Time of origin of the ST131 clones

The estimated time of the most recent common ancestor (TMRCA) of different phylogenetic groups was investigated with beast. We estimated a mutation rate of 4.14×10−7 SNPs per site per year [95 % highest posterior density (HPD) intervals 3.74–4.57×10−7], equivalent to 1.858 mutations per genome per year. A dated phylogeny (Fig. 4) of all 794 isolates estimated a TMRCA for ST131 of around 1901 (95 % HPD intervals 1842–1948).
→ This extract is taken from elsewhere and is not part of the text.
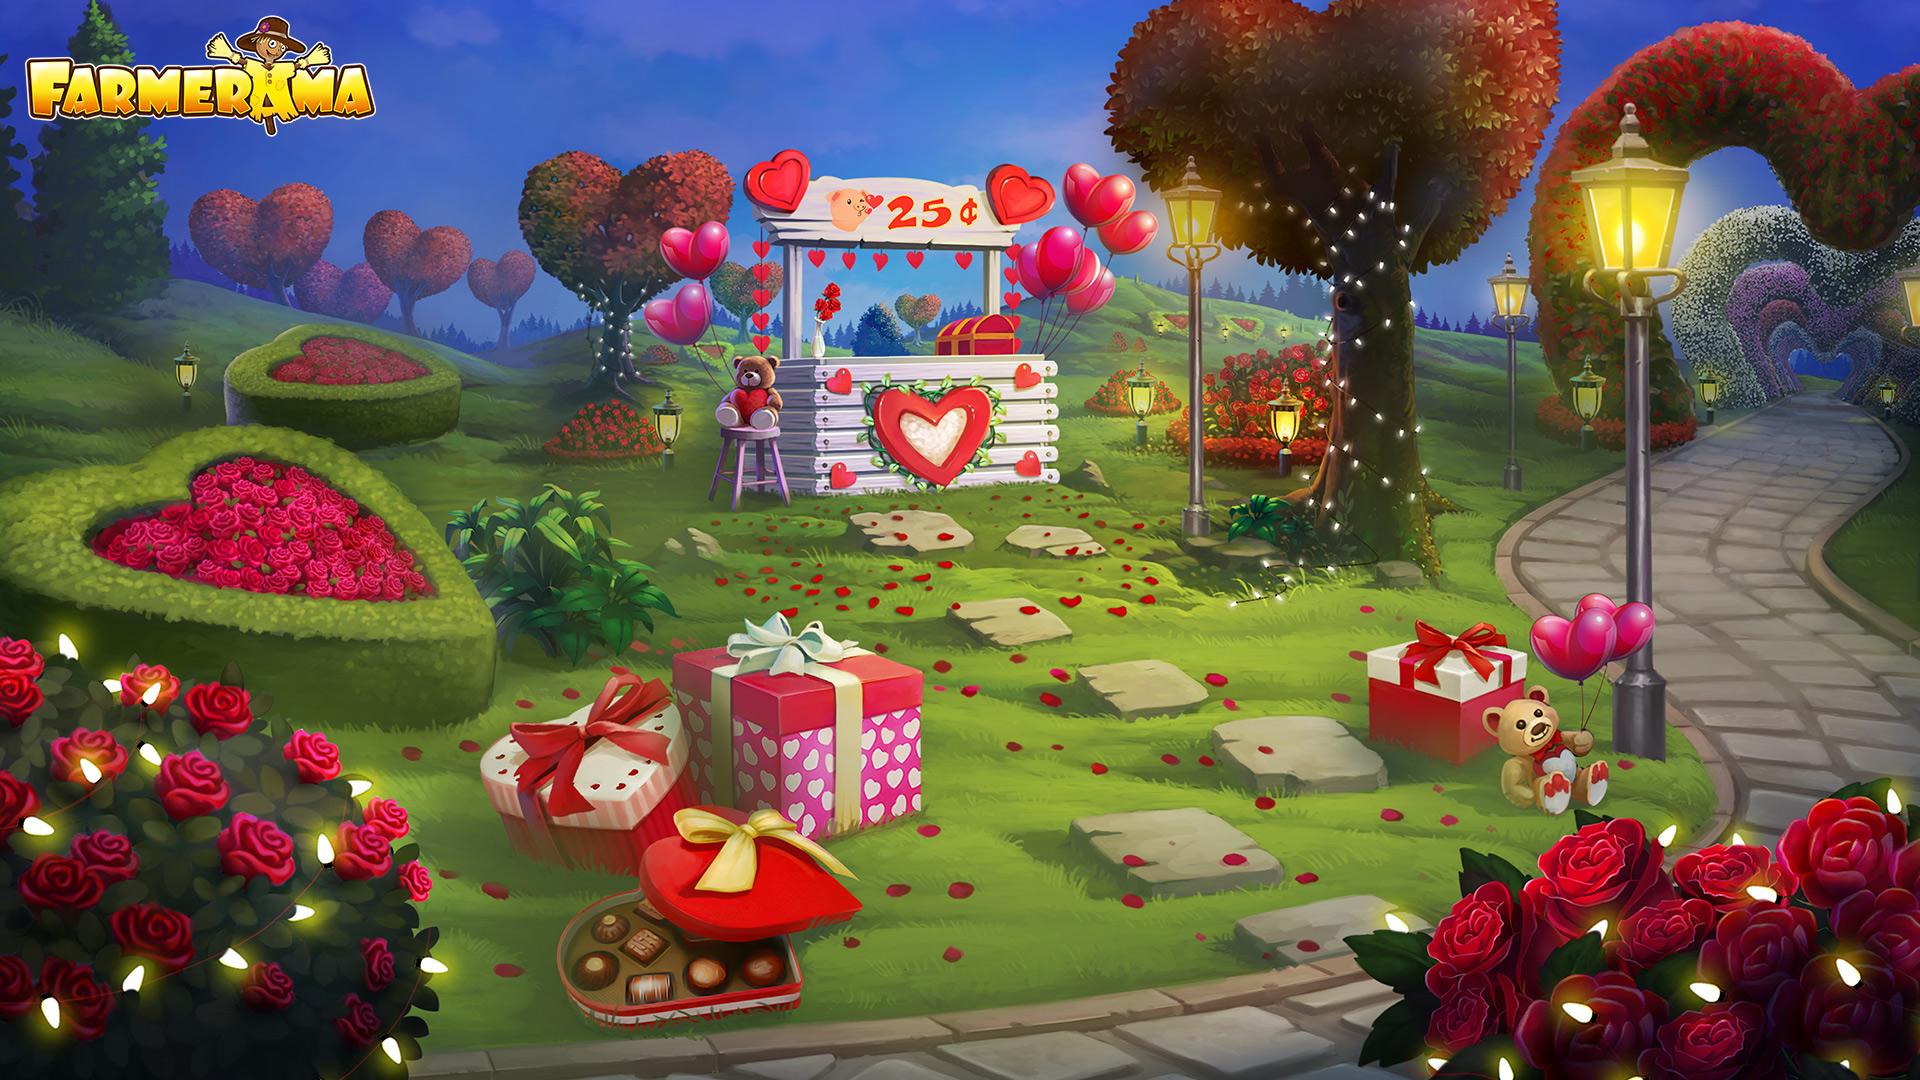 valentines2018_wallpaper_no-character.jpg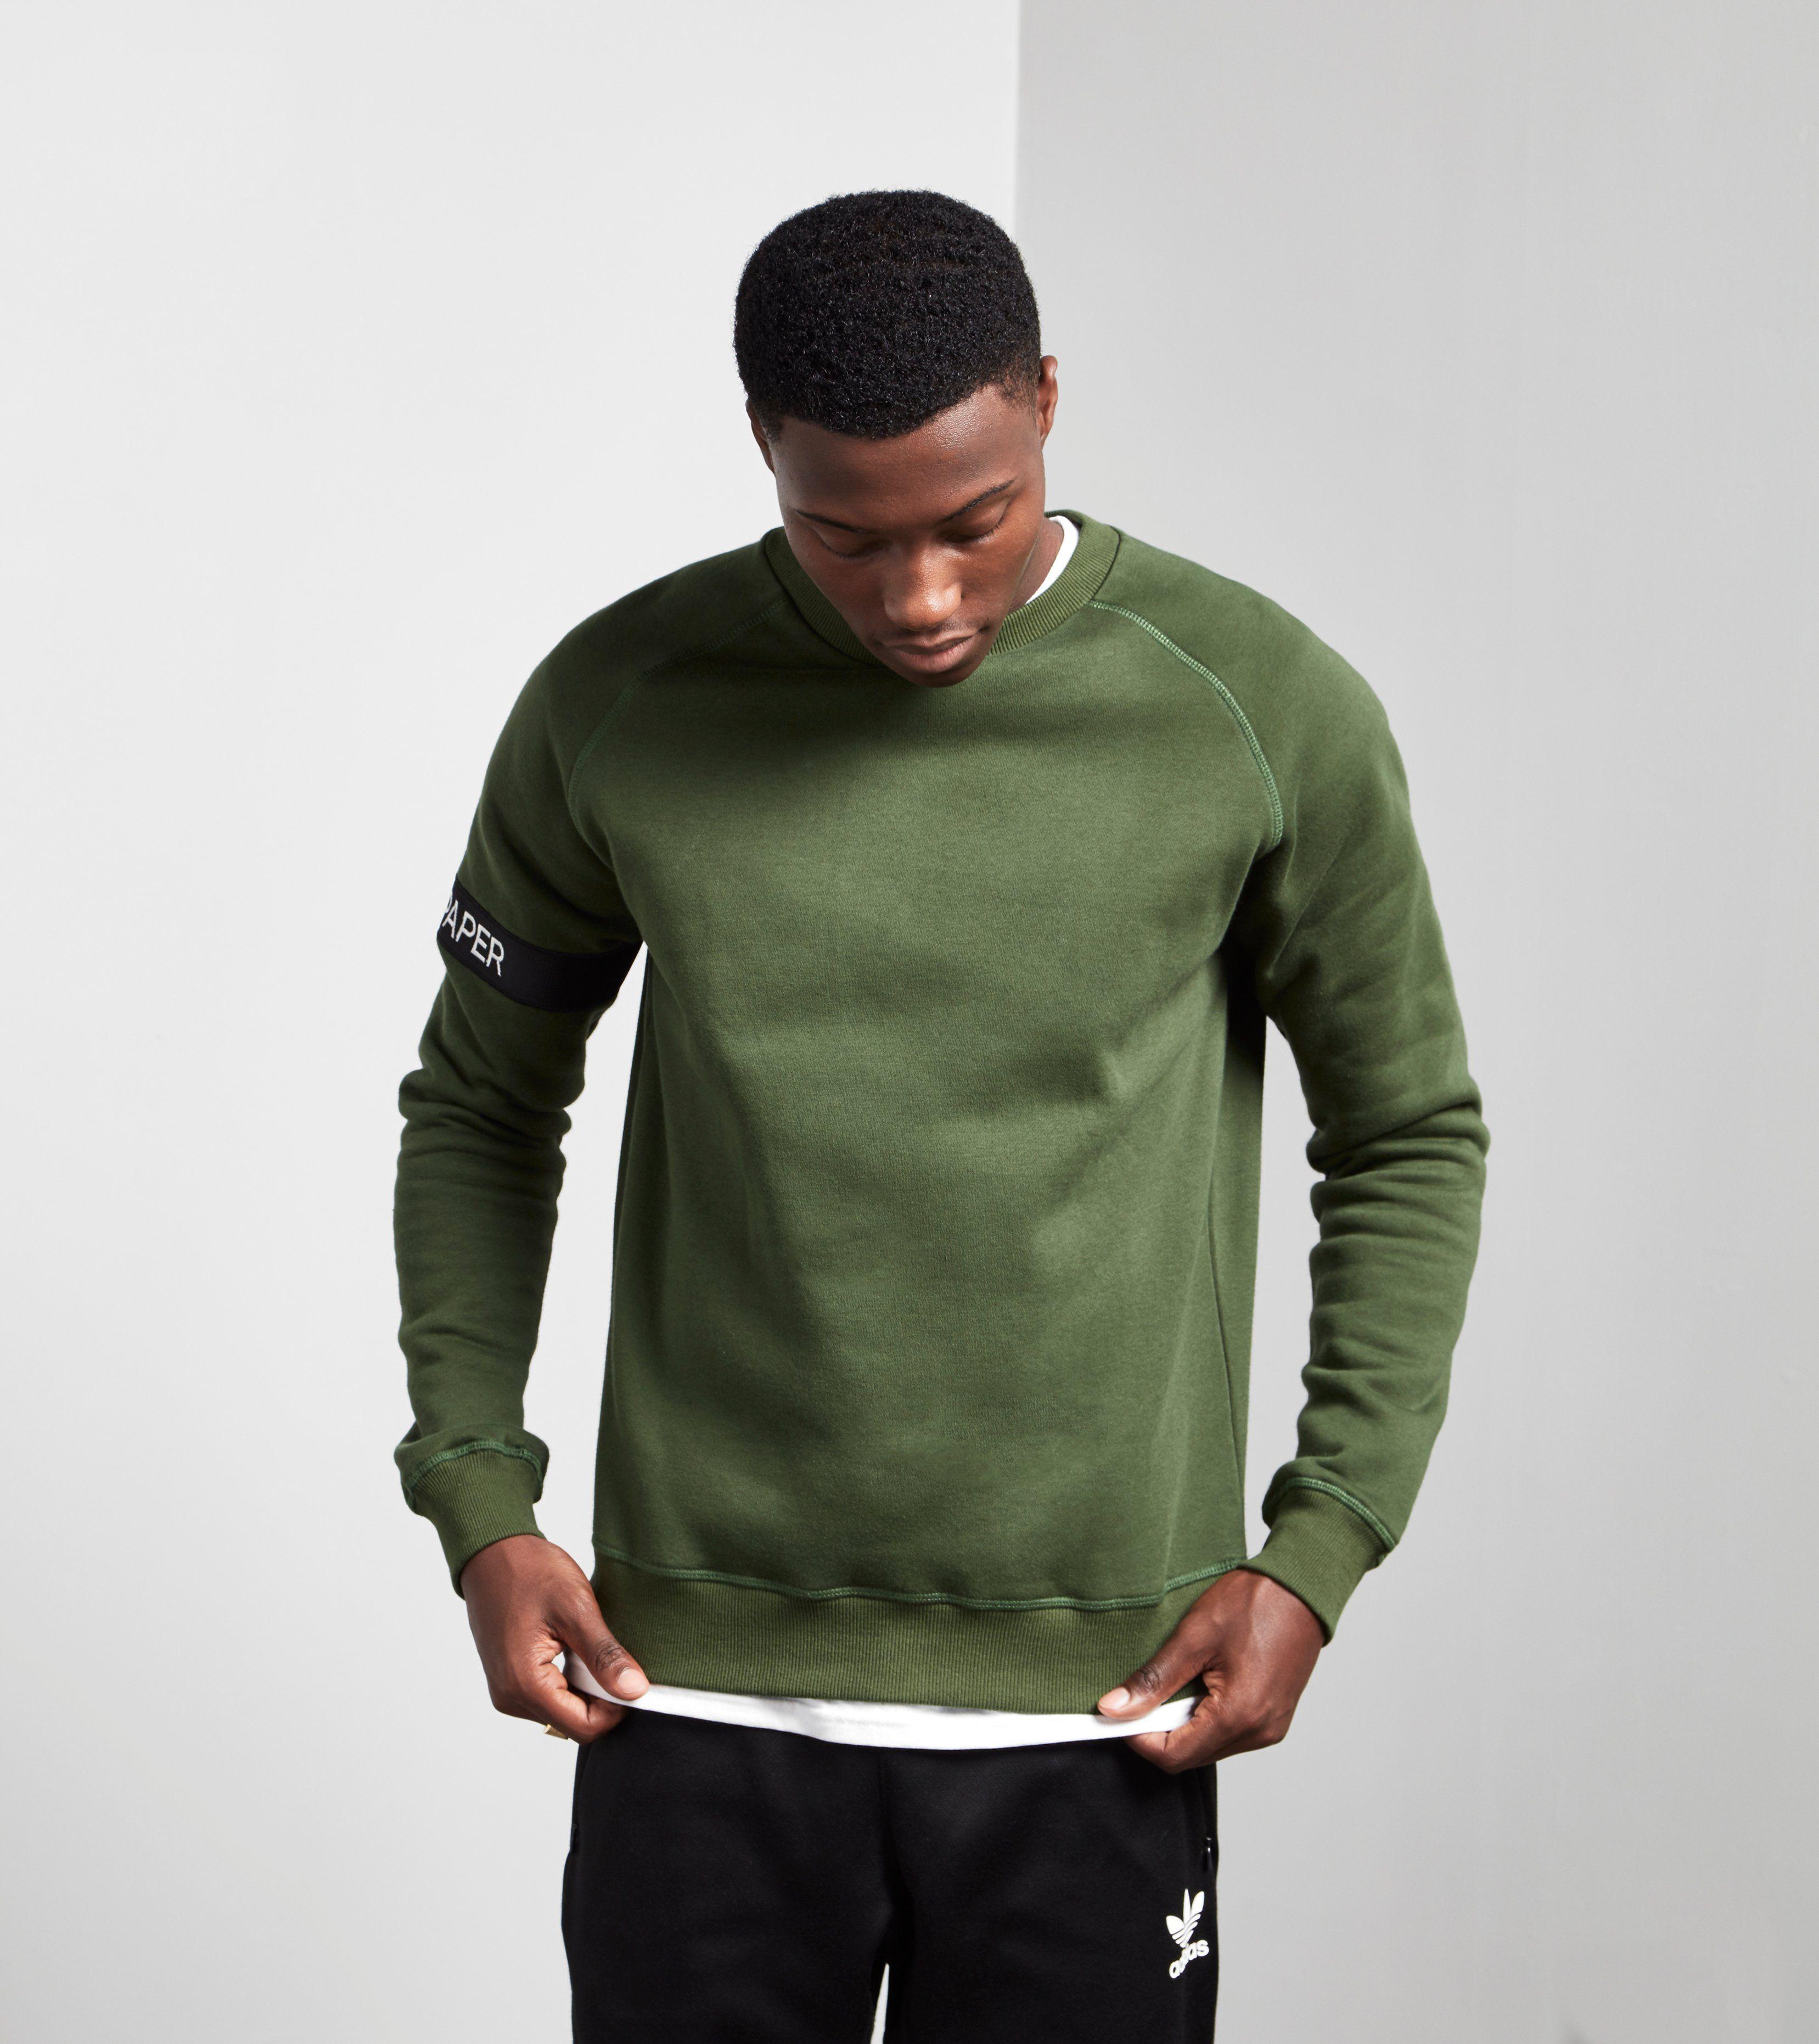 Nike Sweater Mens

Clade C originated in 1985 (95 % HPD 1980–1989). The FQ-R C1/C2 ancestor originated in 1992 (95 % HPD 1989–1994), more recently than previous estimates of 1987 [12] and 1986 [20]. Following this event, C1 and C2 diversified in parallel around 1994 (95 % HPD 1991–1996, 95 % HPD 1992–1995, respectively). C2 is composed of divergent subclades C2_7, C2_8 and C2_9. C2_7 diversified from the C2_8/9 lineage in 1995 (95 % HPD 1993–1997). Finally, a group of strains radiated within C2_8 and formed a ‘displacement clade’ (Fig. S5a).

Fig. 4.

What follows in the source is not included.